The Blame Game

This is the first of what will hopefully be a regular column in which I — an obnoxious teenager who wants to be a writer if and when he grows up — tell you — the sophisticated populace of the Lake Elsinore Valley — my opinions and so-called thoughts on what’s going on in the world (under the presumption that you give a hoot what I think).

Let’s get down to business. This country is going to heck in a handcart, or, quite possibly, a VW Microbus, if someone doesn’t start monitoring what is shown to our children through the Hideous Beast known as television! It’s just horrifying — nay bone-chilling — to see what awful things are being shown. Take, for instance, the article I read in a recent Press-Enterprise about a little boy who was afraid of being eaten alive by his toilet.

It seems this kid saw a commercial on television — yes the same medium that brought us such wholesome entertainment as “Charlie’s Angels” — in which a toilet turned into a monster. The article stated that the boy was “scared into constipation,” a phrase previously used only in explaining how the prison guards in Miami felt after strip-searching Manuel Noriega. It (the article, not Noriega) went on to say that the boy “feared it ‘would get him,'” especially when the commode on the commercial made “a chomping movement.”

At the risk of sounding really old, what is this world coming to?!? Why, I can remember when young people’s eyes and bowels were safe from such frightening images. I grew up in a time when the scariest thing on TV was the fact that Chuck Barris, the host of the “The Gong Show,” was allowed to drive, drink and vote, although I can’t say I ever became irregular over it. Actually, I’m surprised the boy’s parents aren’t suing the toilet cleanser company that made the commercial, since recent studies show that the less you are at fault, the more likely you are to be sued by someone with stupid kids, which reminds me of something else I read in the paper.

A 14-year-old girl apparently came home from school and saw what she must have thought was a glass of Kool-Aid on the table. Feeling thirsty, she proceeded to guzzle the supposed Kool-Aid, only to find that it was actually Clorox. When she learned Clorox has six times as much sugar and costs twice as much as Kool-Aid, the girl panicked and did what any normal human being would have done — she yelled, “Mom, call a lawyer! My pathetic lack of deductive reasoning skills is finally going to pay off.”

In the meantime, the girl induced vomiting by reading a teen magazine and watching “Diff’rent Strokes.”

Lawsuits have been filed against Clorox for not having a label reading, “WARNING: Keep this product away from small children and big children with small brains,” and against Kool-Aid for making their blueberry flavor look just like bleach, and for conditioning impressionable youngsters to think that anything blue must be delicious.

The girl and her mother probably will not win the last one, as the Smurfs filed a similar lawsuit against Kool-Aid last year and lost. I’ll keep you posted as further details become available.

And by the way — doesn’t “Kool-Aid” sound like the name of a rap singer?

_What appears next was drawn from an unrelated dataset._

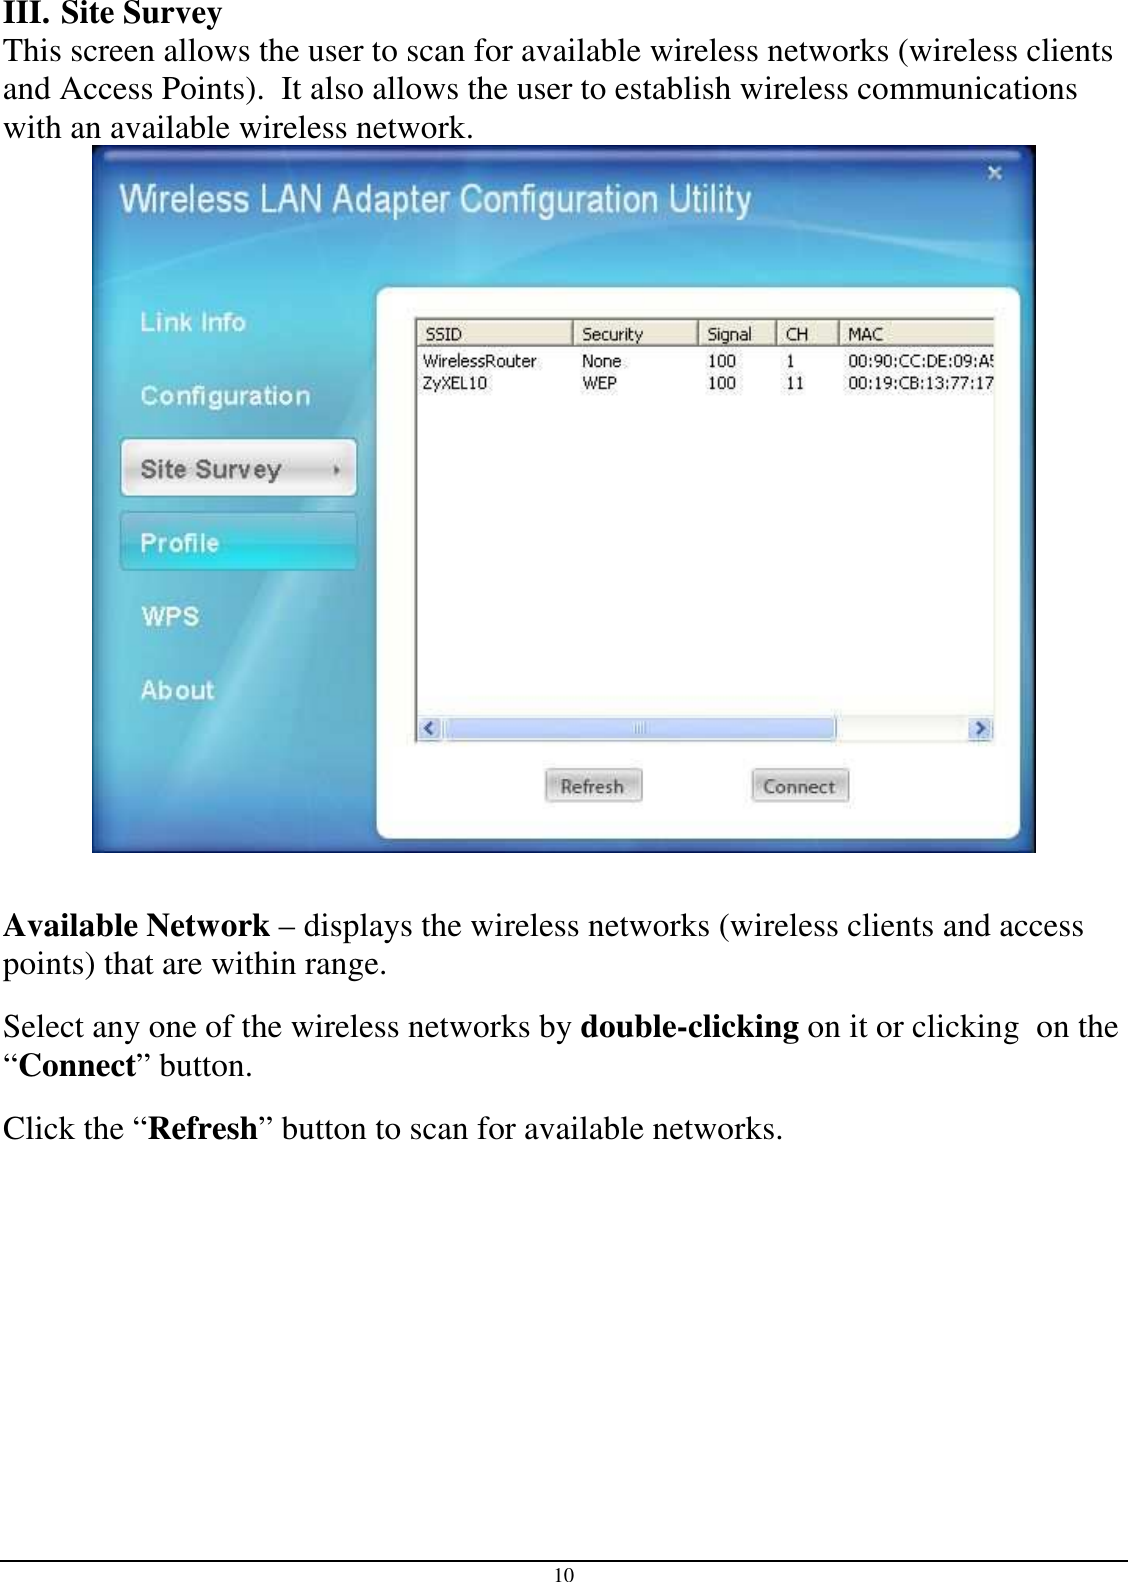 10 III.  Site Survey This screen allows the user to scan for available wireless networks (wireless clients and Access Points).  It also allows the user to establish wireless communications with an available wireless network.   Available Network – displays the wireless networks (wireless clients and access points) that are within range.  Select any one of the wireless networks by double-clicking on it or clicking  on the “Connect” button. Click the “Refresh” button to scan for available networks.

My, was I ever proud of this. My first humor column! I made sure every single person I knew read it, and it was posted on the wall in my English class. Never having used bleach on my own laundry, I didn't know that Clorox is not blue, but rather some other, more bleach-oriented color. My first column, and already I'm making false assumptions! A harbinger of things to come.

Note the "thesis statement" of "On the Light Side" in the first paragraph. I apparently had loose interpretations of what it means to express one's opinion, because I said I was going to do it and then rarely actually did, not even in this specific column. I guess making fun of something could be construed as stating an opinion on it, but it doesn't always work out that way in practice.

I assumed initially that a lot of my columns would be like this, focusing on odd news items. I cut a lot of them out and let them pile up on my desk for months before I finally admitted that I wasn't going to be using them very much after all. Dave Barry, who I was usually copying in those days, did a lot of "Actual News Item" stuff, so I planned to follow suit. Fortunately, I found enough interesting things in my real life to write about, thus distinguishing me, in at least one way, from Dave Barry.